Problem details | As the answer, give exactly the lines of the records below from the one with "Manuel Conde" through the one with "水彩绘熊和树枝边框矢量素材", ends included and pictures left out.

Data to use |
== == ==
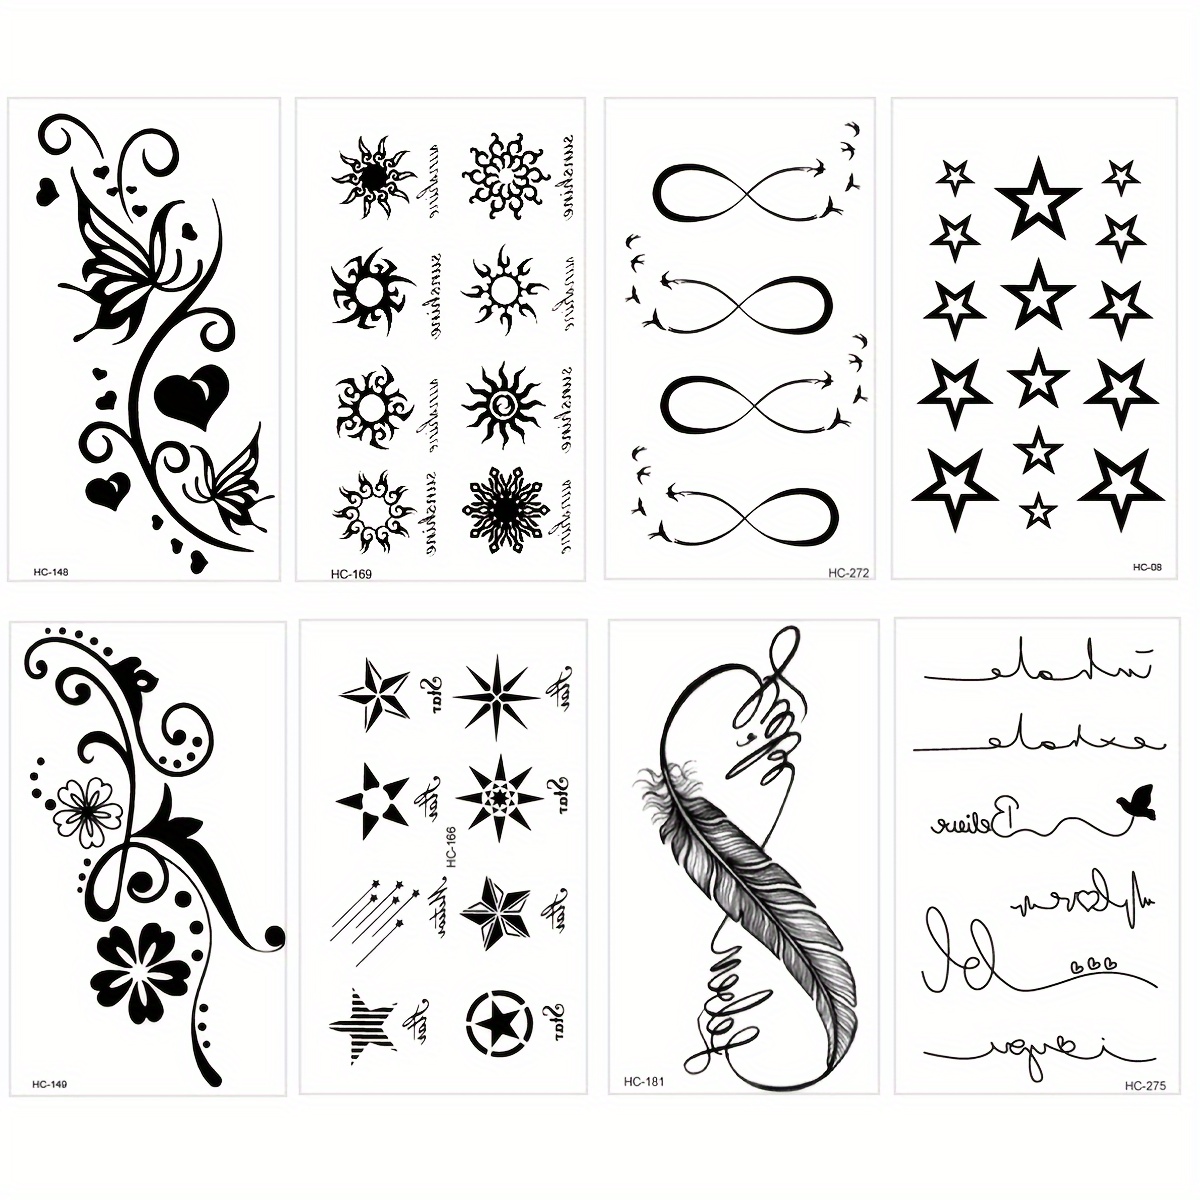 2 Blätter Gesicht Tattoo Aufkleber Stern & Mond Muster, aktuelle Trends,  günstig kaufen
== == ==
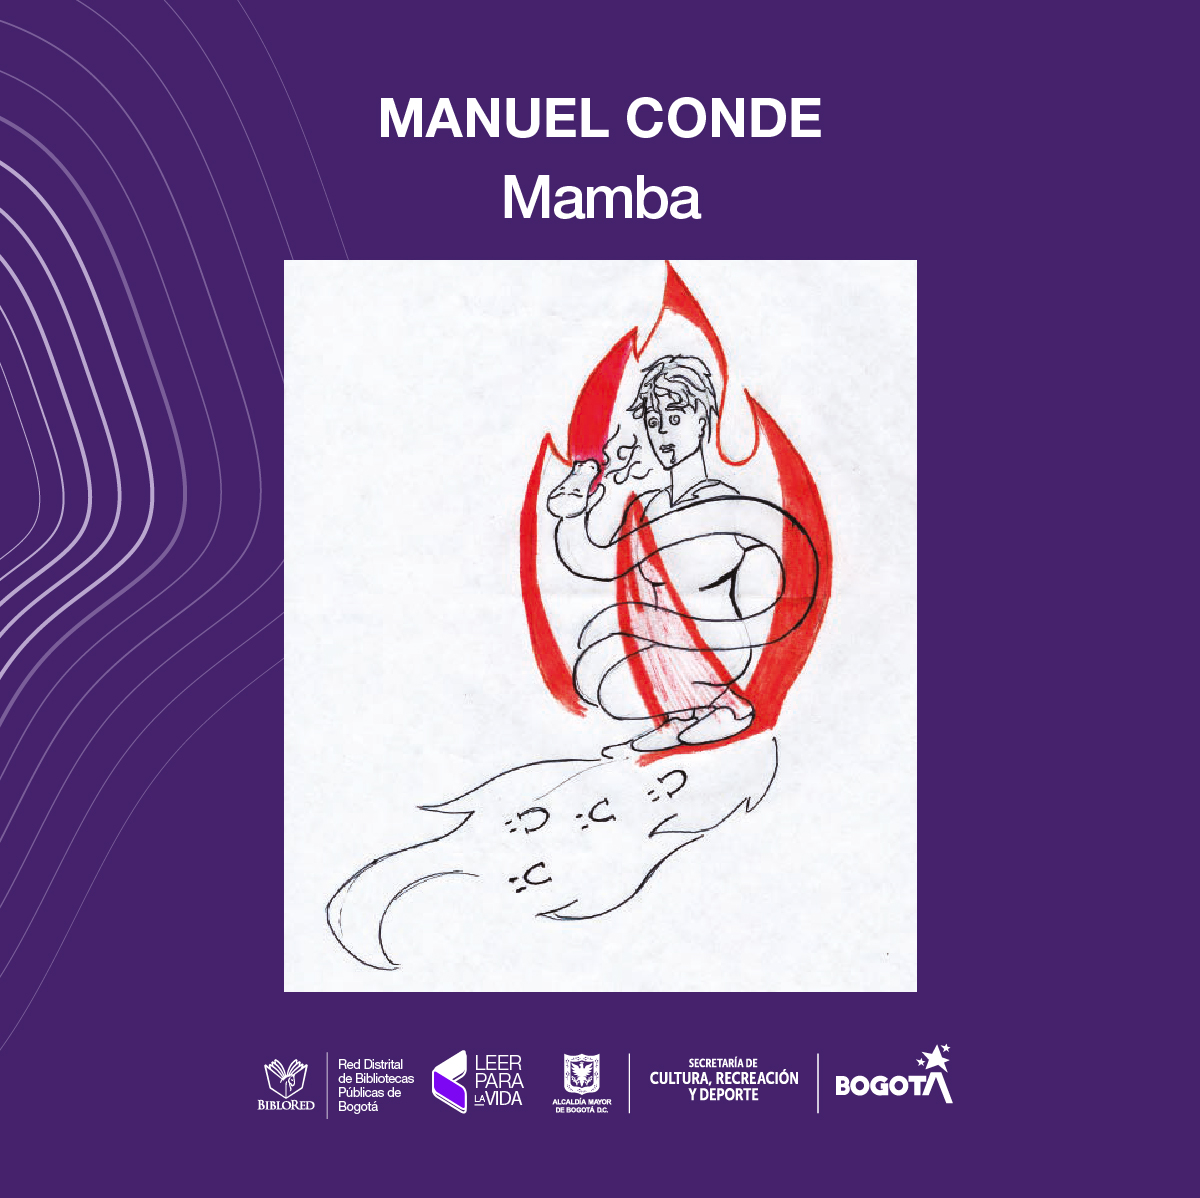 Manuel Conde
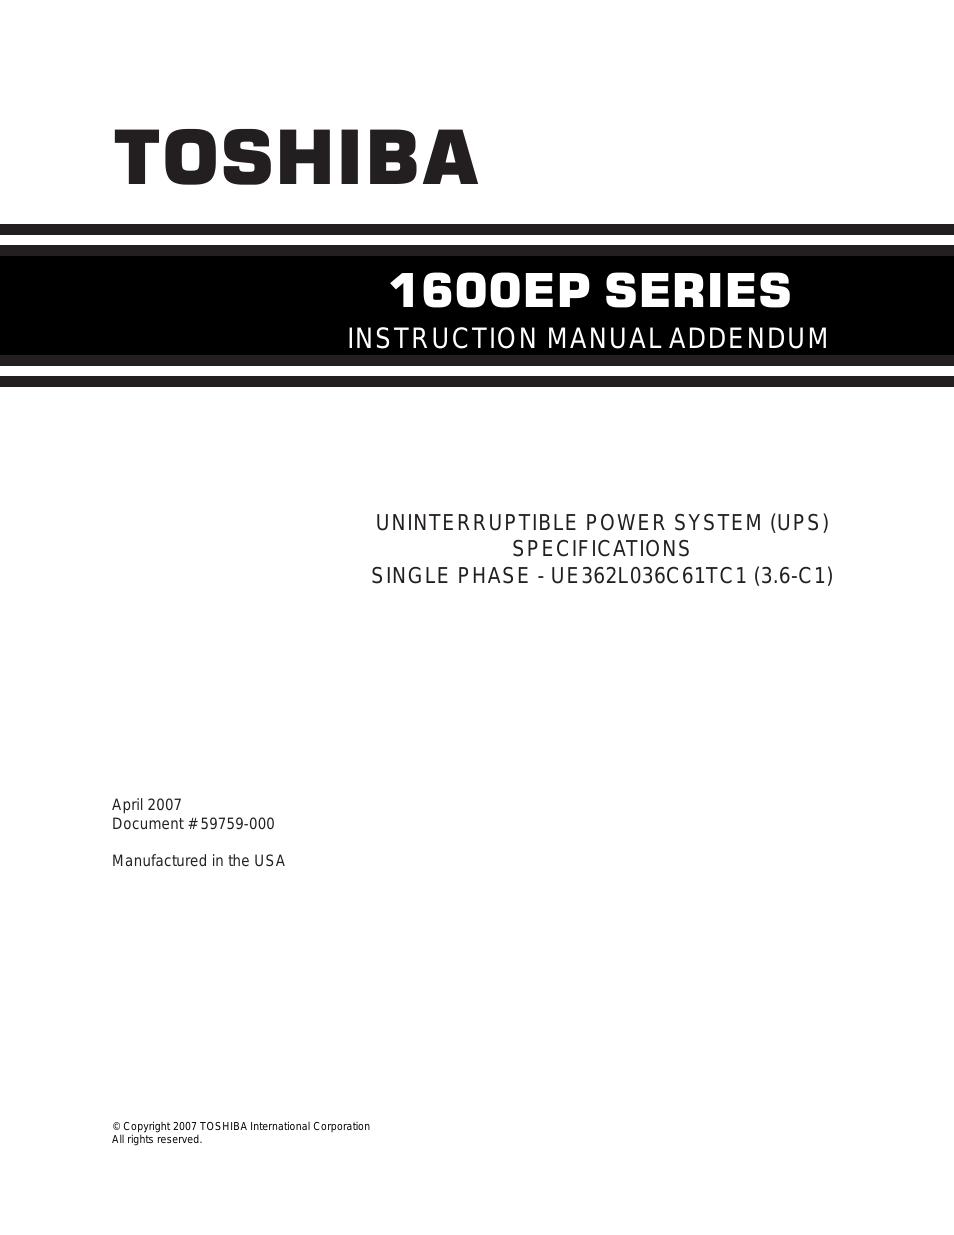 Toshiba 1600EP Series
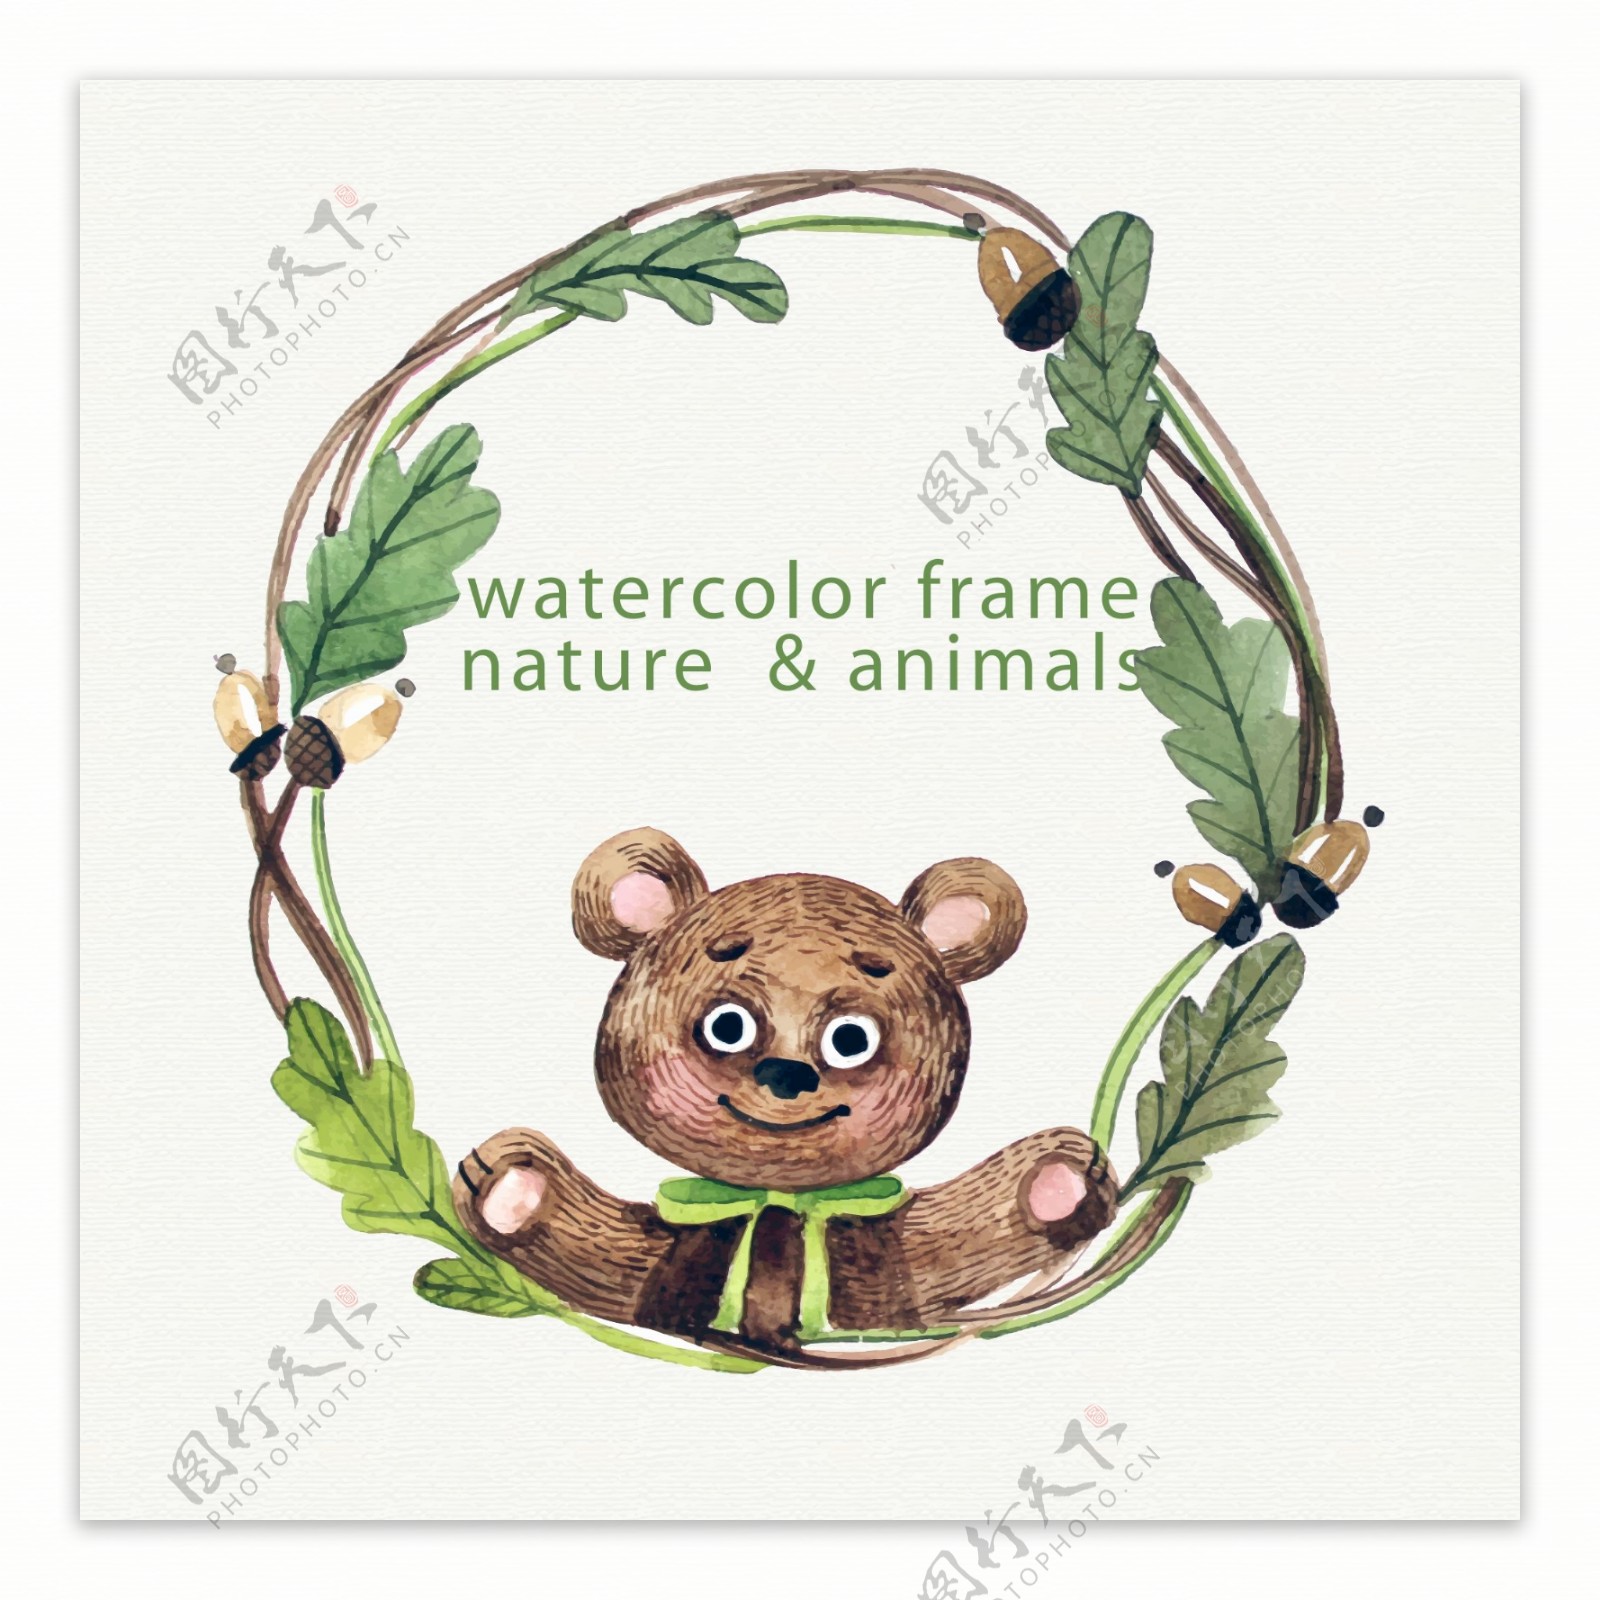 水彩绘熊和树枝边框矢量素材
== == ==
Expected output |
 Manuel Conde
 Toshiba 1600EP Series
 水彩绘熊和树枝边框矢量素材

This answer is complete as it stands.